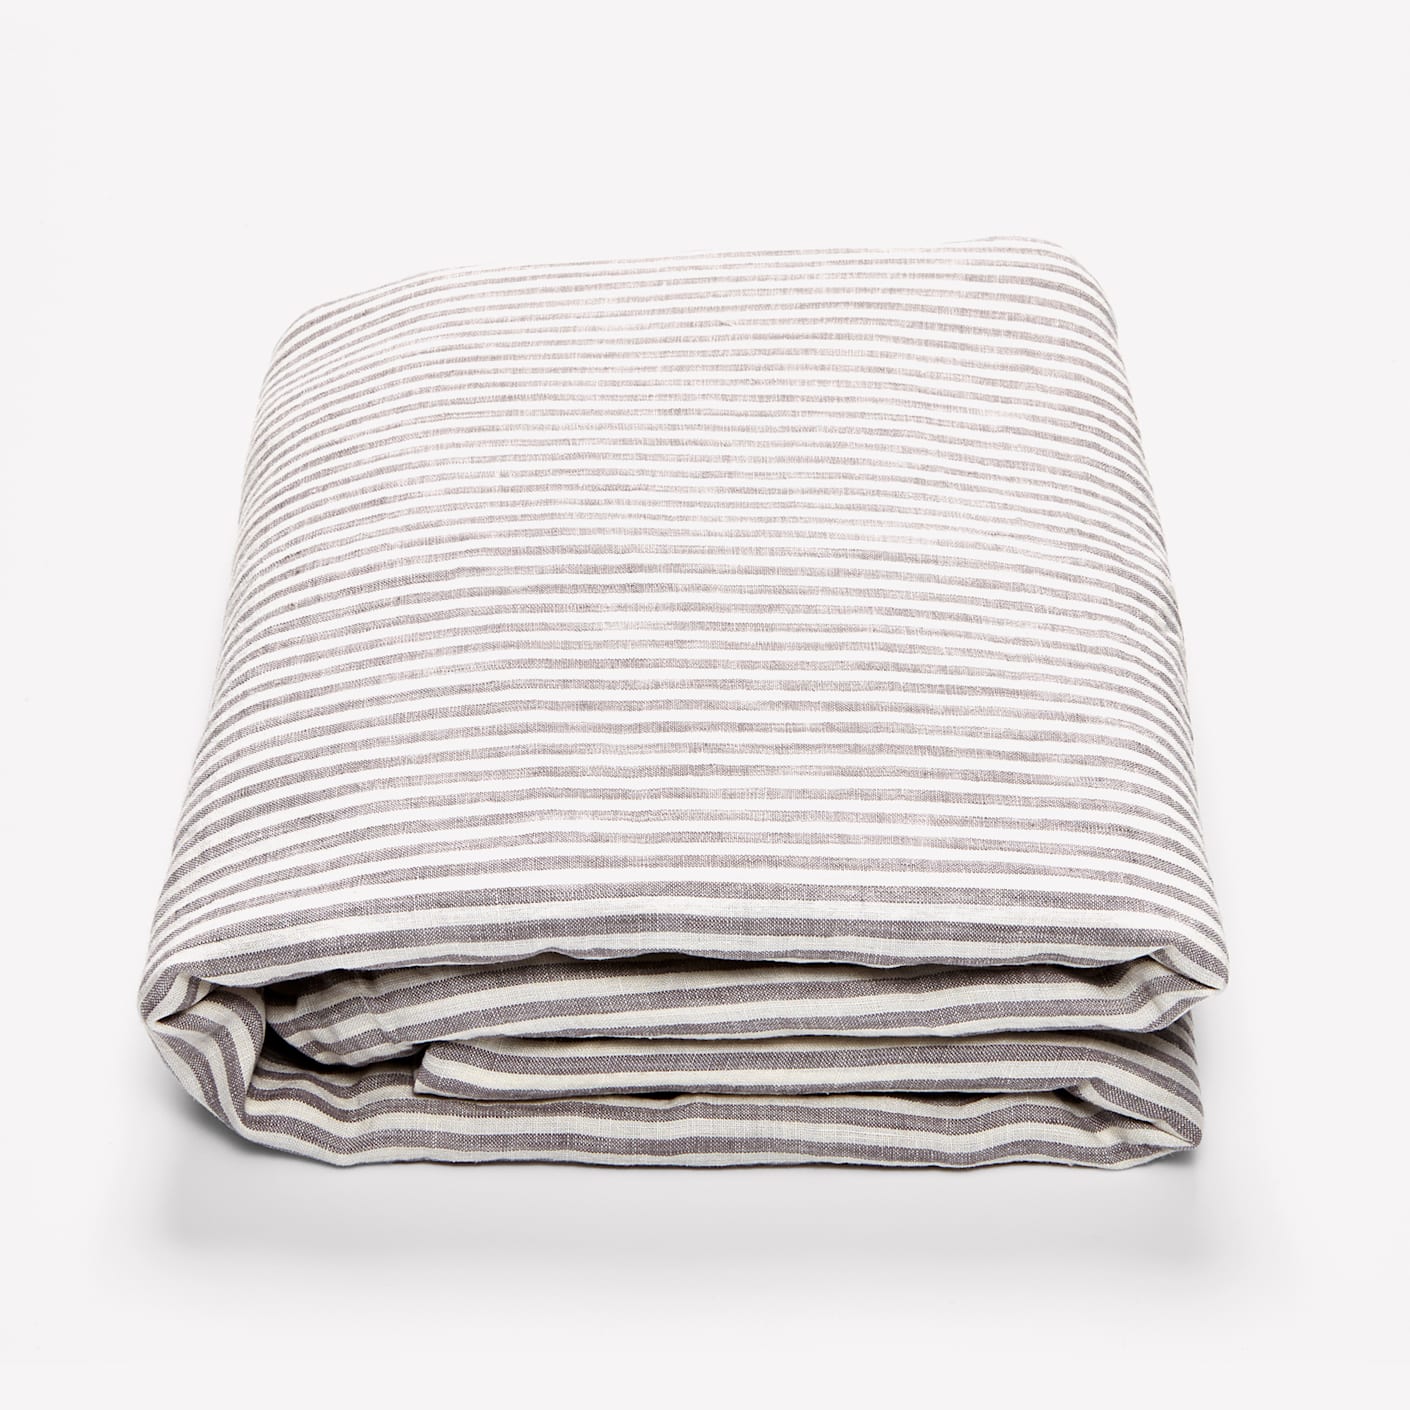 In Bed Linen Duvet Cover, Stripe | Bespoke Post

══════════════════════════════

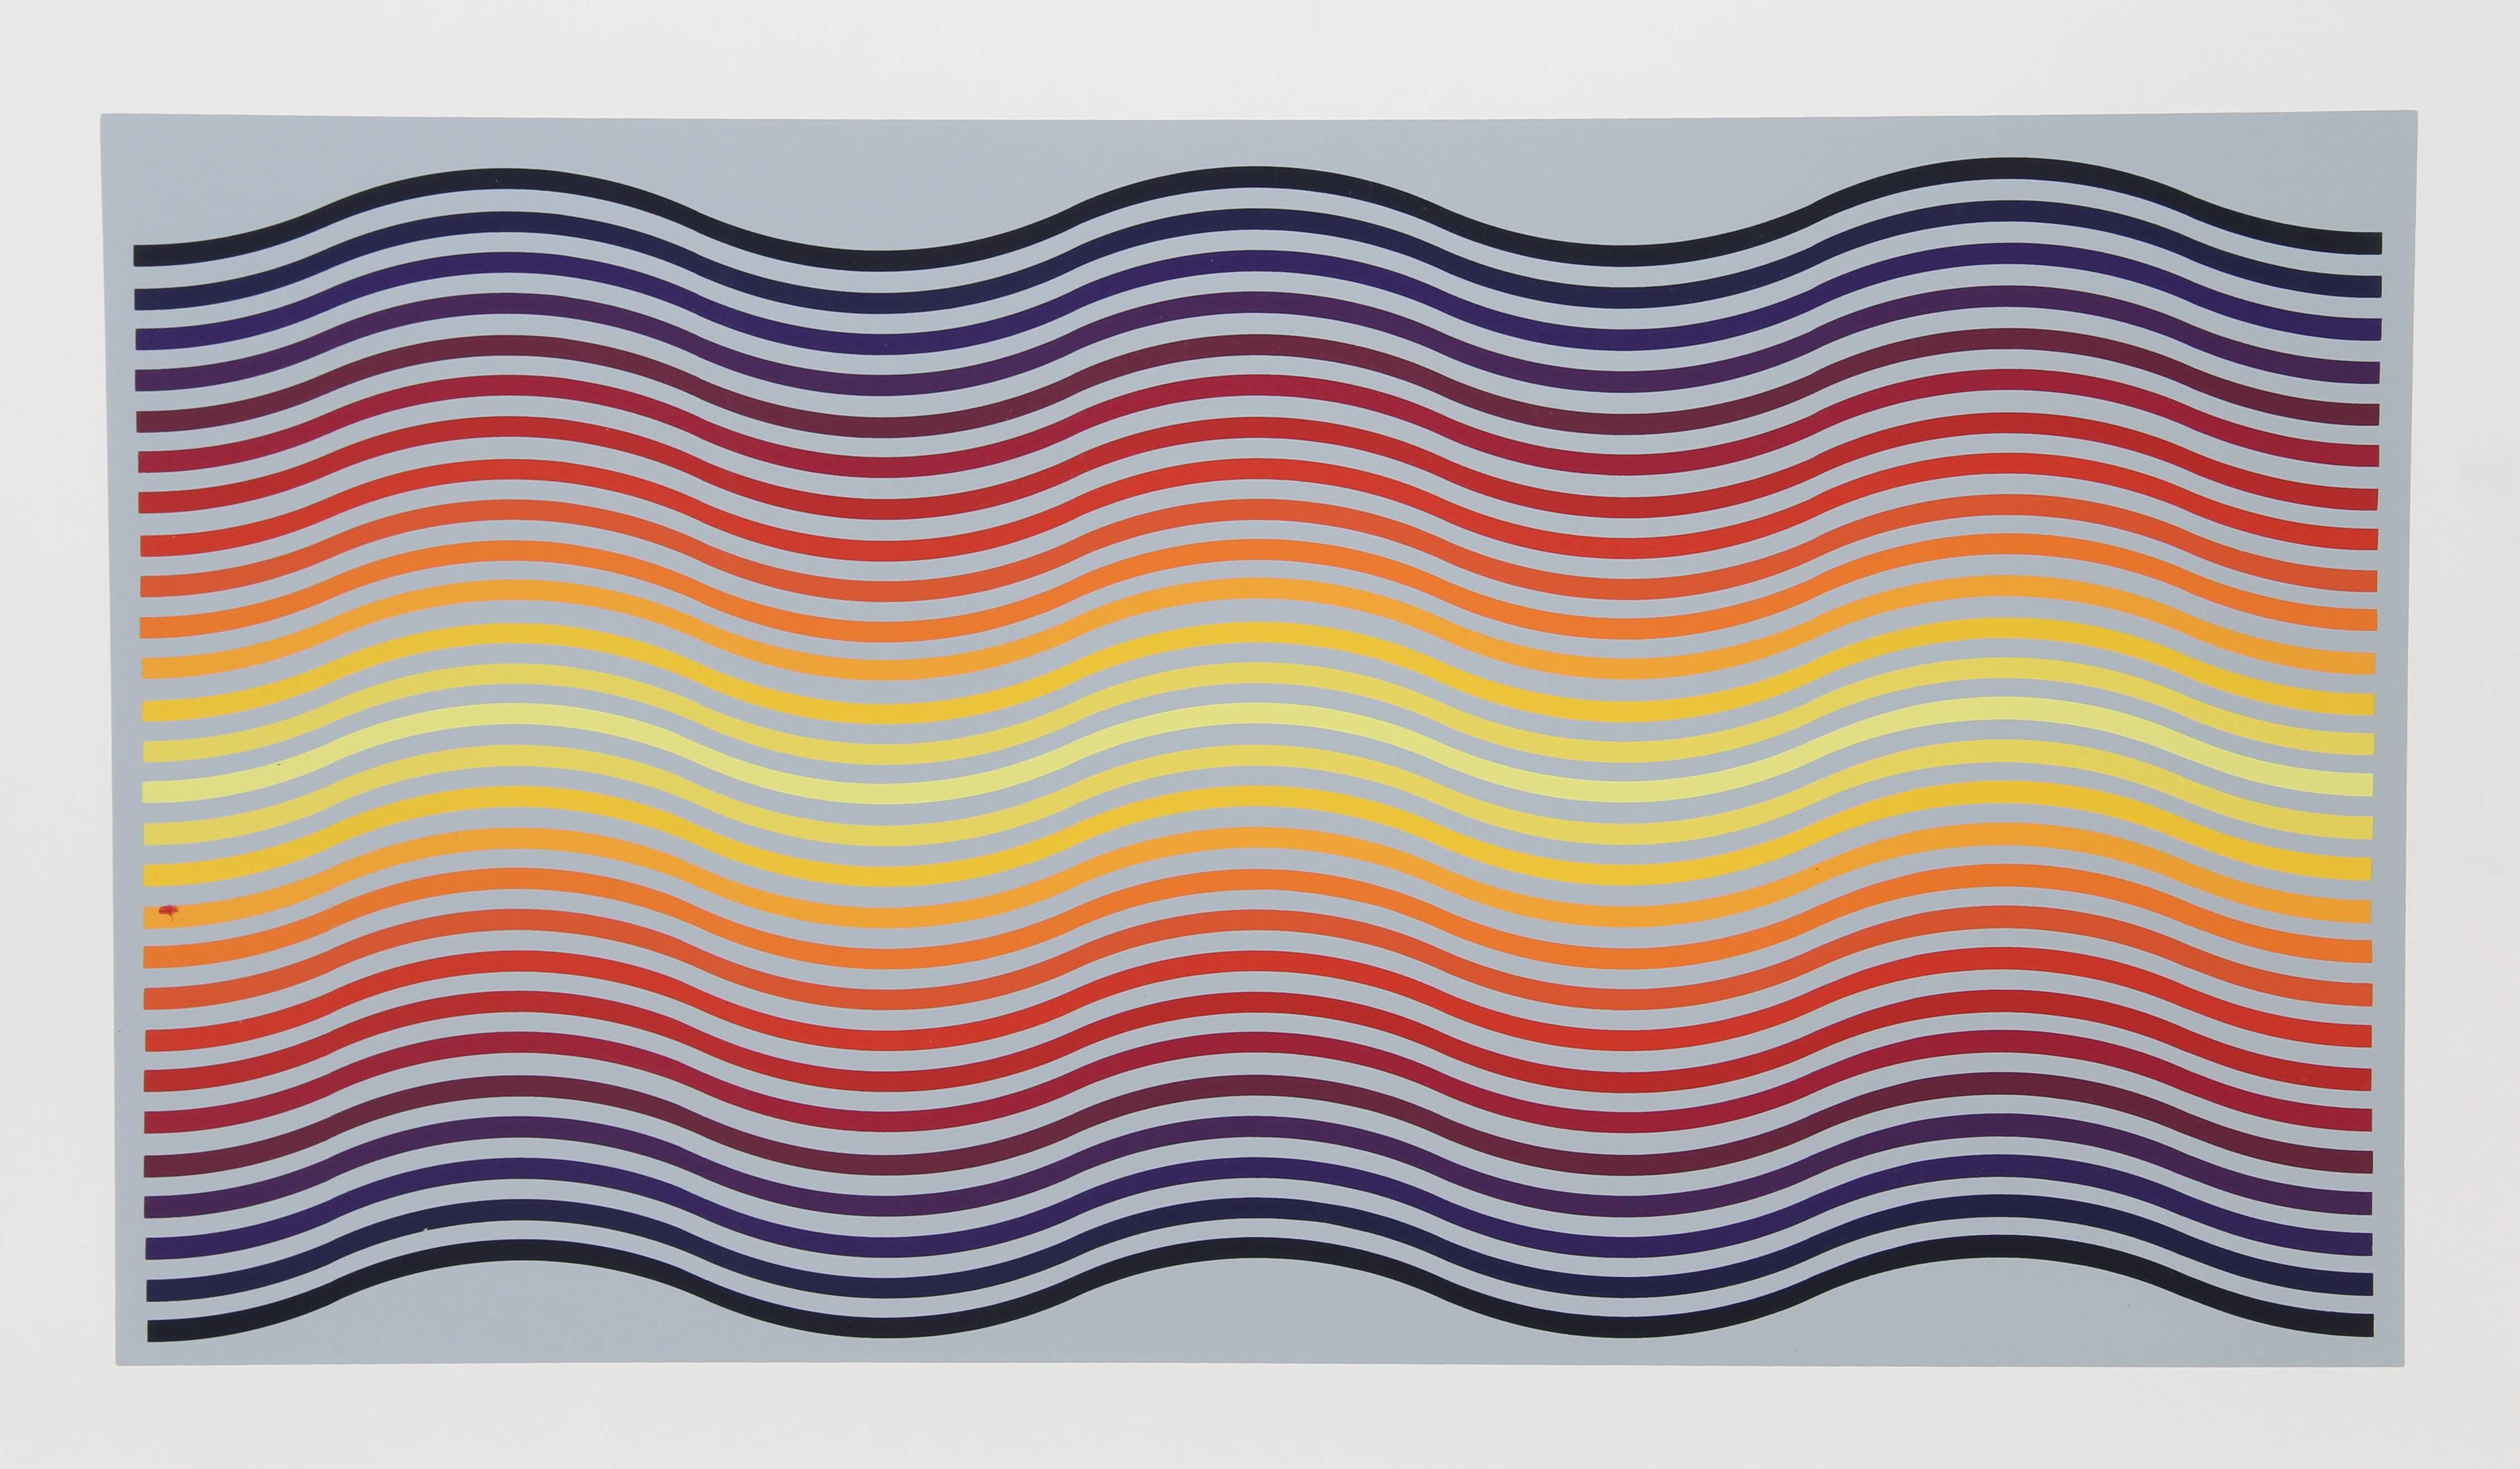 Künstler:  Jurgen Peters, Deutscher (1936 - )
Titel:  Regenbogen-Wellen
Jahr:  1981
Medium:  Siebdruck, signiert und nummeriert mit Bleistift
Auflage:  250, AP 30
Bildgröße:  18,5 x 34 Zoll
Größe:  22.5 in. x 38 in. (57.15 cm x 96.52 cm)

══════════════════════════════

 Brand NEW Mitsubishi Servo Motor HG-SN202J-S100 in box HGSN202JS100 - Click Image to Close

══════════════════════════════

#### [Task directions]
Without the pictures, give again exactly the lines above starting at the line containing "Deutscher (1936 - )" and ending at the line containing "x 96.52 cm)".

#### [Solution for this task]
 Künstler:  Jurgen Peters, Deutscher (1936 - )
Titel:  Regenbogen-Wellen
Jahr:  1981
Medium:  Siebdruck, signiert und nummeriert mit Bleistift
Auflage:  250, AP 30
Bildgröße:  18,5 x 34 Zoll
Größe:  22.5 in. x 38 in. (57.15 cm x 96.52 cm)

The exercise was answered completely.